Knochen aus der Spritze

Mit Hilfe eines injizierbaren Nanomaterials, das im Körper aushärtet, soll die Behandlung von Knochenbrüchen vereinfacht und beschleunigt werden.

In Pocket speichern vorlesen Druckansicht 4 Kommentare lesen
Lesezeit: 3 Min.
Von
  • Karen Weintraub

Mit Hilfe eines injizierbaren Nanomaterials, das im Körper aushärtet, soll die Behandlung von Knochenbrüchen vereinfacht und beschleunigt werden.

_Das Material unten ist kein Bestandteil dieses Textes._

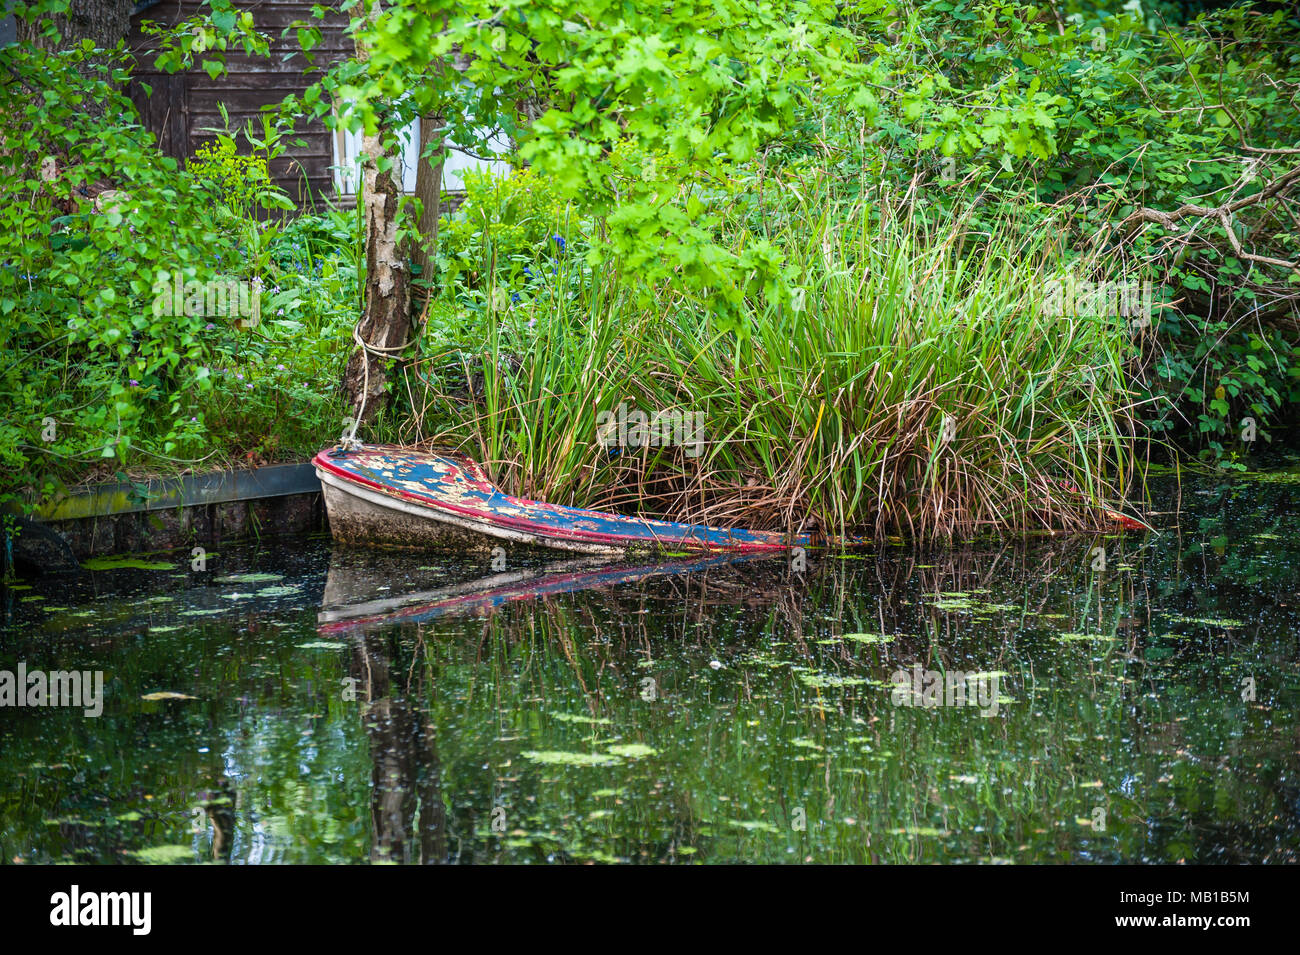 A derelict rowing boat being over grown by water reeds slowing sinking into a canal Stock Photo

Bei aller medizinischen Kunst ist ein Knochenbruch nach wie vor eine langwierige Verletzung, die manchmal sogar einen chirurgischen Eingriff erfordert. Mit einer Spritze und einigen Tagen Ruhe ist es da – bislang - nicht getan. Wenn es nach Thomas Webster geht, klappt das in Zukunft aber vielleicht doch noch: Der Medizintechniker von der Brown University hat ein Nanomaterial entwickelt, das bei Körpertemperatur rasch zu einer knochenähnlichen Substanz aushärtet.

Hauptbestandteil sind dieselben Nukleinbasen, die in dem langen, verdrillten DNA-Molekül die Sprossen bilden. Jedes dieser Moleküle könne sich über zwei kovalente Bindungen mit anderen verbinden, so dass eine Röhre entstehe, erläutert Webster. Er bezeichnet das Material deshalb als „Zwillingsbasen-Binder“ („twin-base linker“).

„Dieser Binder baut sich von selbst zu einer Nanostruktur zusammen“, sagt Webster. „Man kann es so optimieren, dass es genau die mechanischen Eigenschaften des Gewebes hat, in das man es injizieren will.“ Gemeinsam mit der Medizintechnikfirma Audax Medical will Webster das künstliche Knochengewebe weiterentwickeln und in ersten Tierversuchen testen. Audax plant bereits, das Material unter dem Namen „Arxis“ zu vermarkten.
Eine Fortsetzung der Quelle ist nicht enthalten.